Pelikan: Twitter's unified cache back end - myautsai
http://twitter.github.io/pelikan/
======
vdfs
How does Pelikan cache compare to memcached/redis/...?

We envision Pelikan to have significant overlap, in terms of functionality,
with many popular cache server implementations. After all, we are aiming to
replace our use of Memcached (Twemcache) and Redis at Twitter with Pelikan.
However, Pelikan is not a strict superset or subset of any of them. Without
trying to be comprehensive, here are some notable similarities and
differences:

* pelikan_twemcache fully replaces twemcache, and supports most of the commands specified by the memcached ASCII/text protocol. However, unlike memcached, pelikan_twemcache only has one worker thread per instance. * pelikan_redis (in progress) will support a subset of data structures provided by Redis. However, we have no plan to add features such as master/slave replication, message queue, or on-disk data persistence.

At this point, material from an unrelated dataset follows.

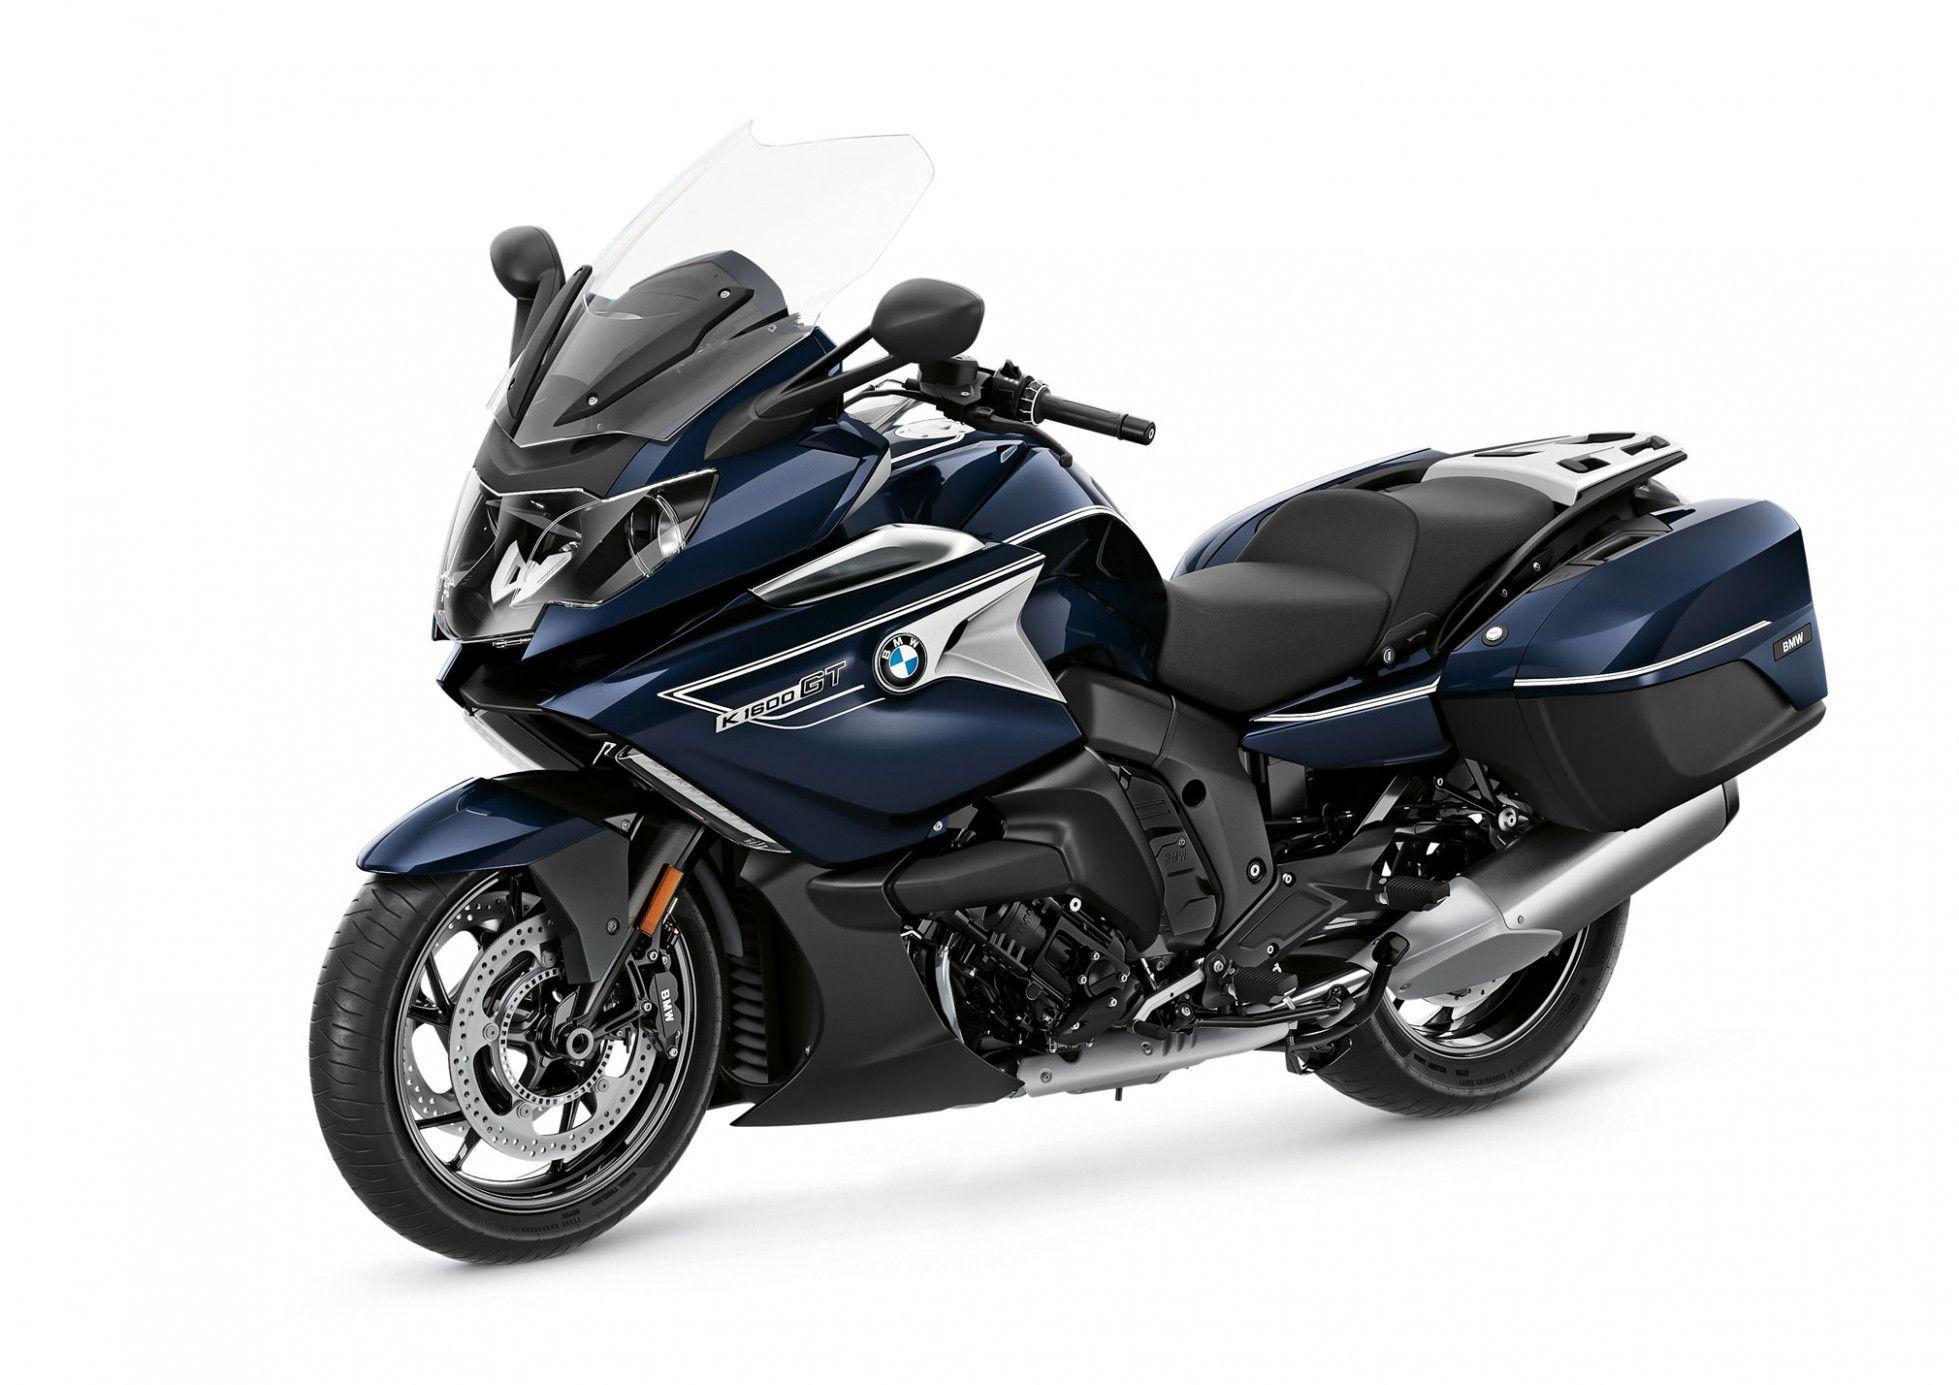 2020 Bmw Gtl 1600 In 2020 Bmw Bmw Motorcycles New Cars

We also will manage memory using slabs/items instead of directly relying on external memory allocators. * All binaries come with the ability to log each command for traffic analysis, which are not part of Memcached or Redis. * pelikan_slimcache implements cuckoo hashing to store bounded-sized key/value pairs with minimum (~6-byte) overhead. * Pelikan enforces the separation of data-plane and control-plane functionalities by using separate threads; further more, server and worker run on different threads as well, and there are no locks anywhere in our system.

------
crabasa
How Pelikan is used in Twitter's datacenter:
[http://twitter.github.io/pelikan/2016/04/03/caching-in-
datac...](http://twitter.github.io/pelikan/2016/04/03/caching-in-
datacenters.html)

------
smaili
Github source -
[https://github.com/twitter/pelikan](https://github.com/twitter/pelikan)

------
tuananh
One of the team members ported Redis to Rust lang
[https://github.com/seppo0010/rsedis](https://github.com/seppo0010/rsedis)

------
homero
I'd settle for a memcached ppa

------
kolanos
There's a popular static site generator called Pelican.

[https://github.com/getpelican/pelican](https://github.com/getpelican/pelican)